La solemnidad y el recogimiento marcaron en la noche de este Martes Santo la celebración del Vía Crucis Procesional en Tarancón, un acto que reunió a decenas de fieles que acompañaron al Santo Crucifijo del Convento en su recorrido por varias calles de la localidad.
La procesión dio comienzo a las 21:00 horas desde la Parroquia de Nuestra Señora de la Asunción, punto de partida de este tradicional acto de la Semana Santa taranconera.
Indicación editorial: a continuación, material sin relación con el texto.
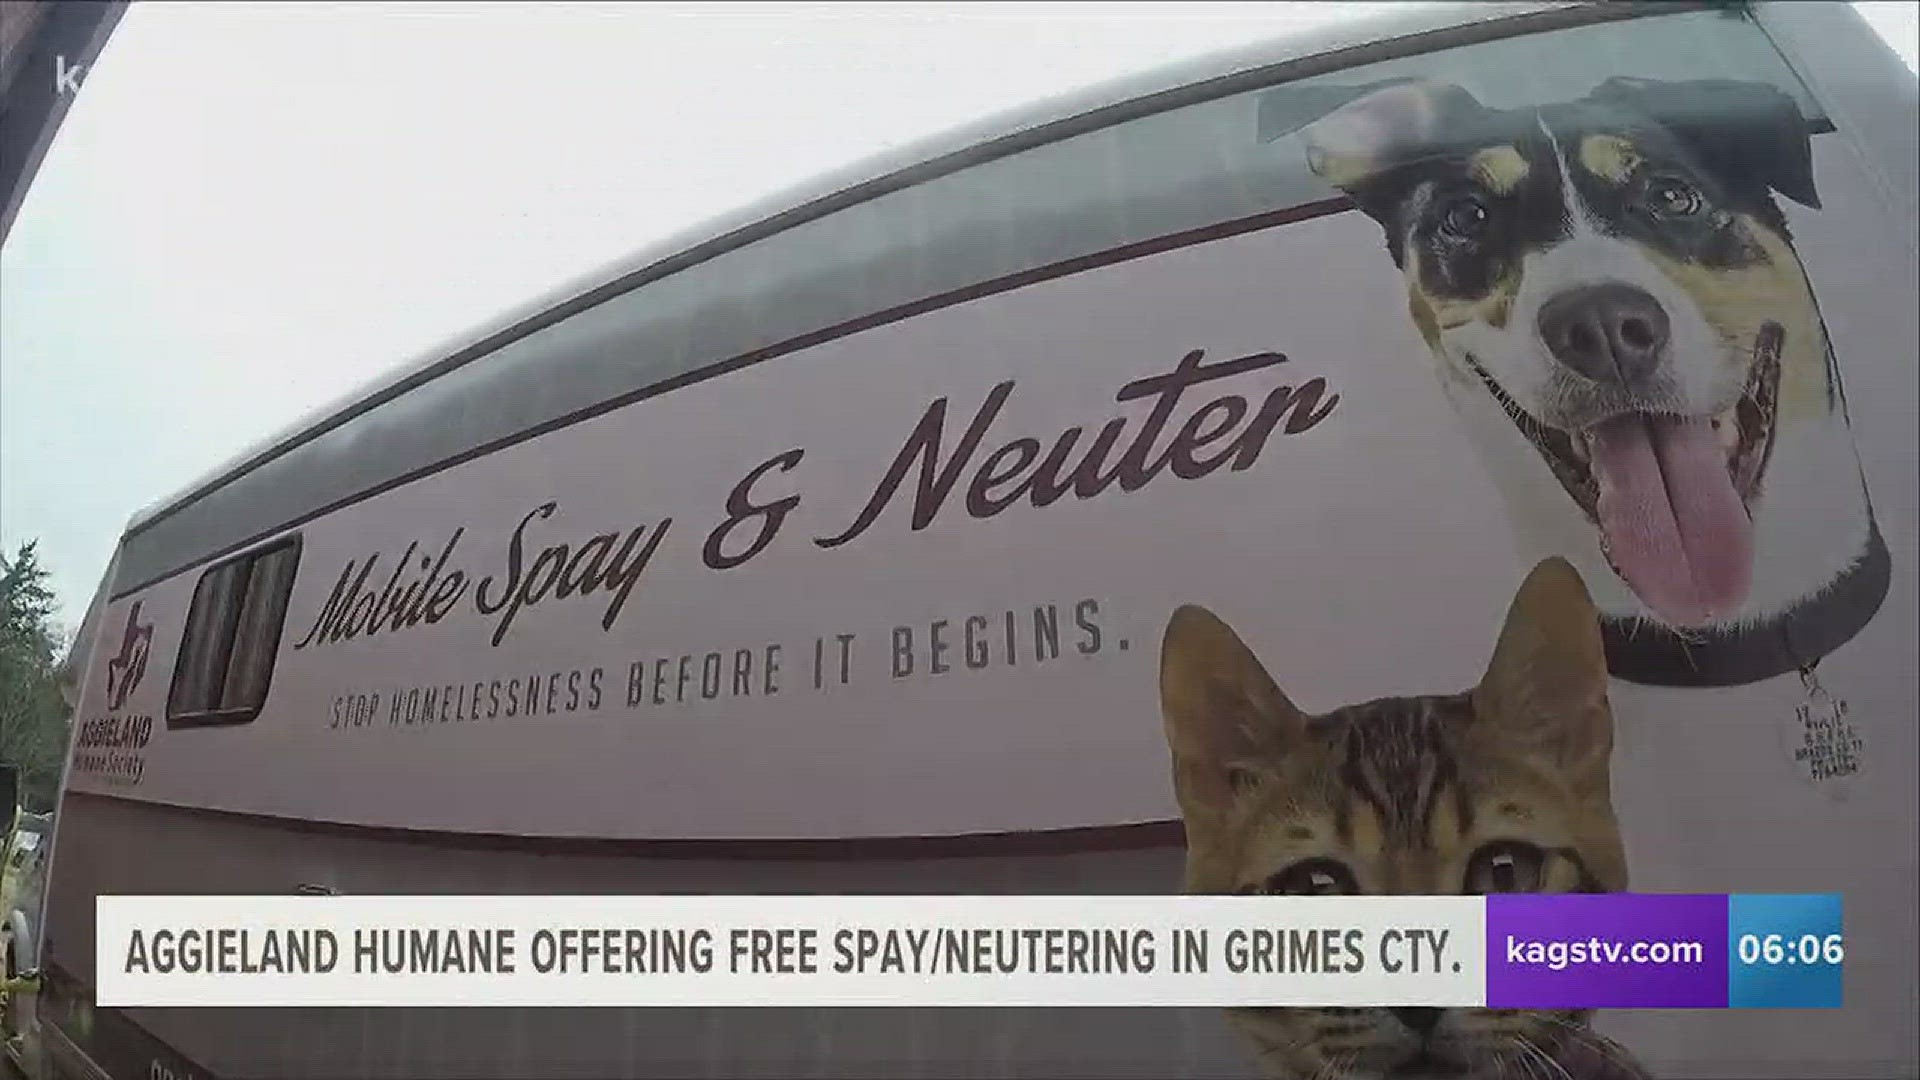 The Aggieland Humane Society's mobile spay and neuter unit will be in Grimes county this Thursday offering free services to local residents.
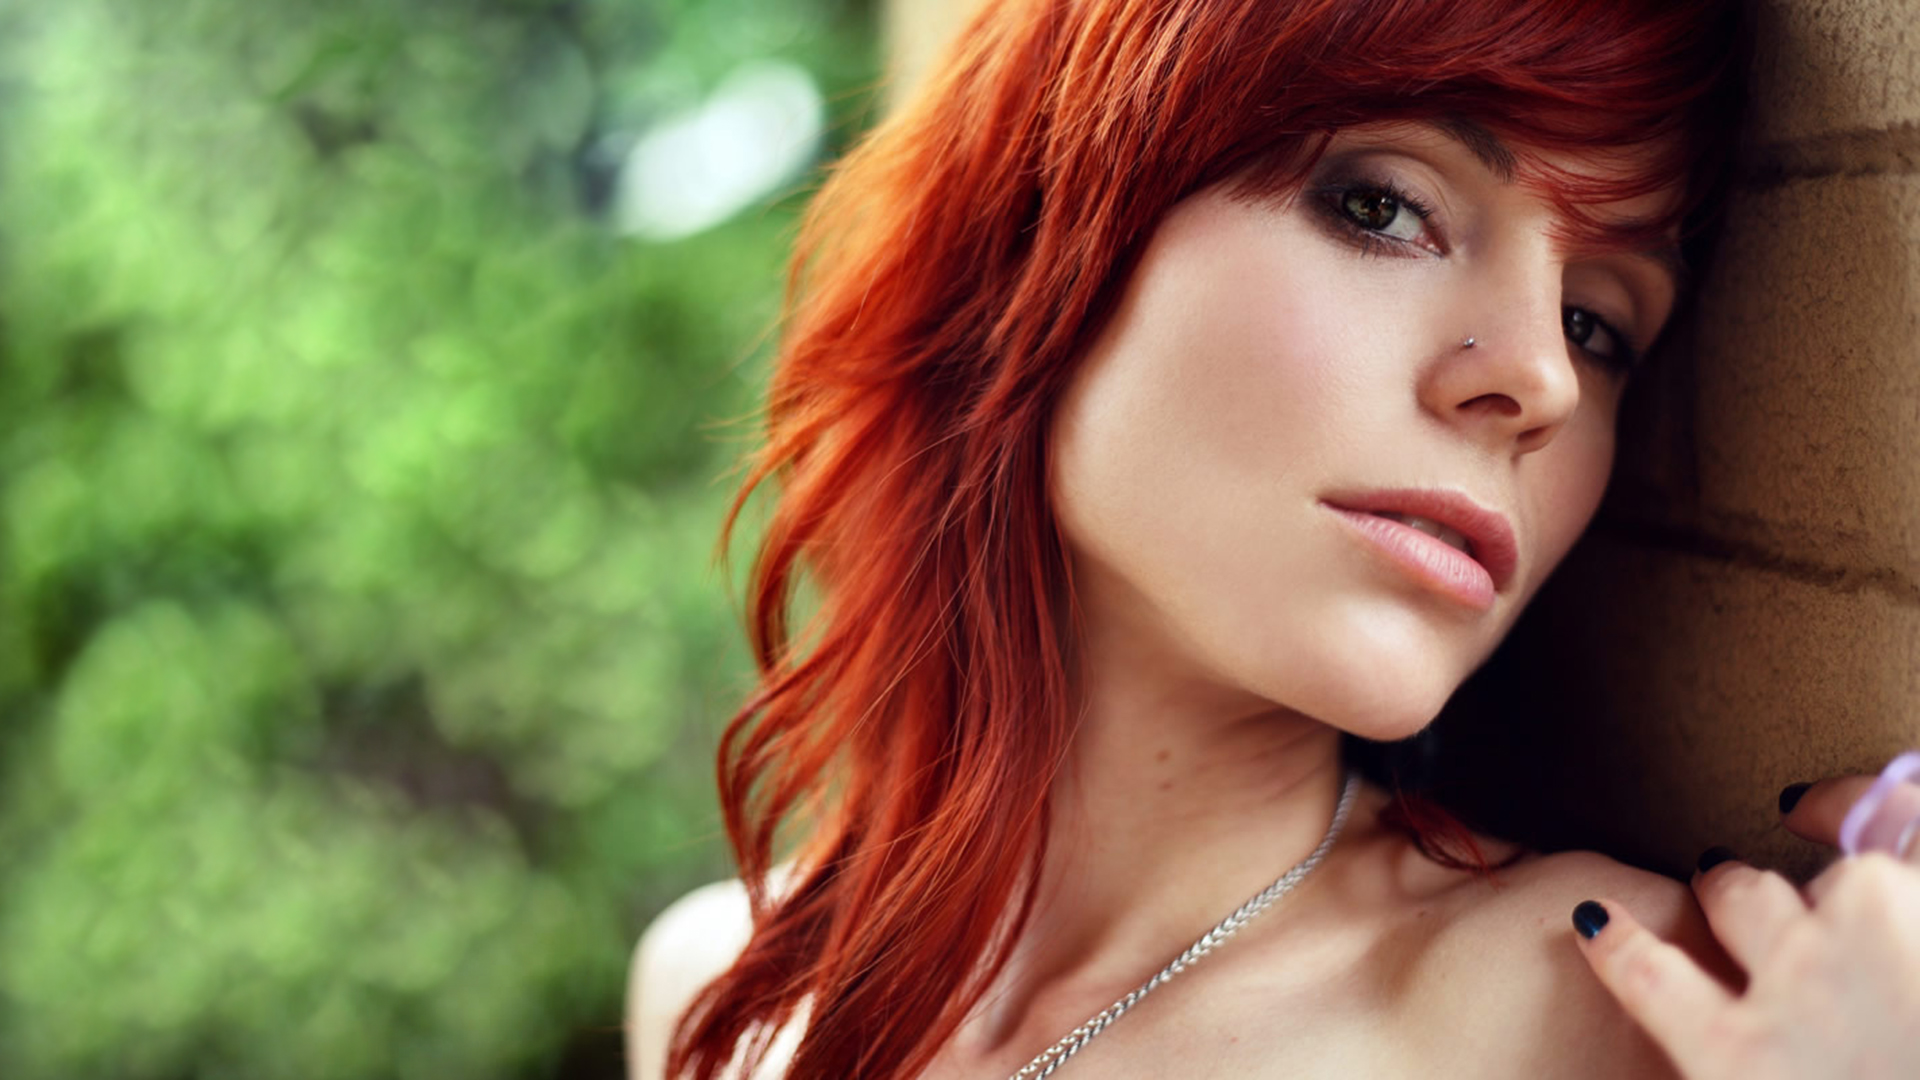 Redhead Girl Wallpaper Archives Of

Desde allí, el cortejo procesional inició su camino en un ambiente de oración y silencio.
Como es habitual, la imagen del Santo Crucifijo fue portada a pulso y con correas, una técnica tradicional que exige esfuerzo y coordinación por parte de los portadores. Esta labor fue asumida por miembros de las distintas Hermandades y Cofradías de Tarancón, que se fueron relevando a lo largo del recorrido.
El itinerario discurrió por las calles General Castell, Plaza de la Constitución, Zapatería, Inés de la Carrera, El Agua, Juan Carlos I, Jerónimo Bujeda y Paseo de la Estación, para finalizar en el Convento, donde concluyó el Vía Crucis.
Aunque la participación fue algo menor que la registrada en el Vía Crucis de los Jóvenes celebrado el Lunes Santo, el acto se desarrolló con gran devoción y en un ambiente de profundo respeto, reflejo del fervor con el que los taranconeros viven su Semana Santa.
La programación continuará hoy con la procesión del Silencio, que se celebrará a partir de las 21:00 horas, nuevamente con salida desde la Parroquia de Nuestra Señora de la Asunción.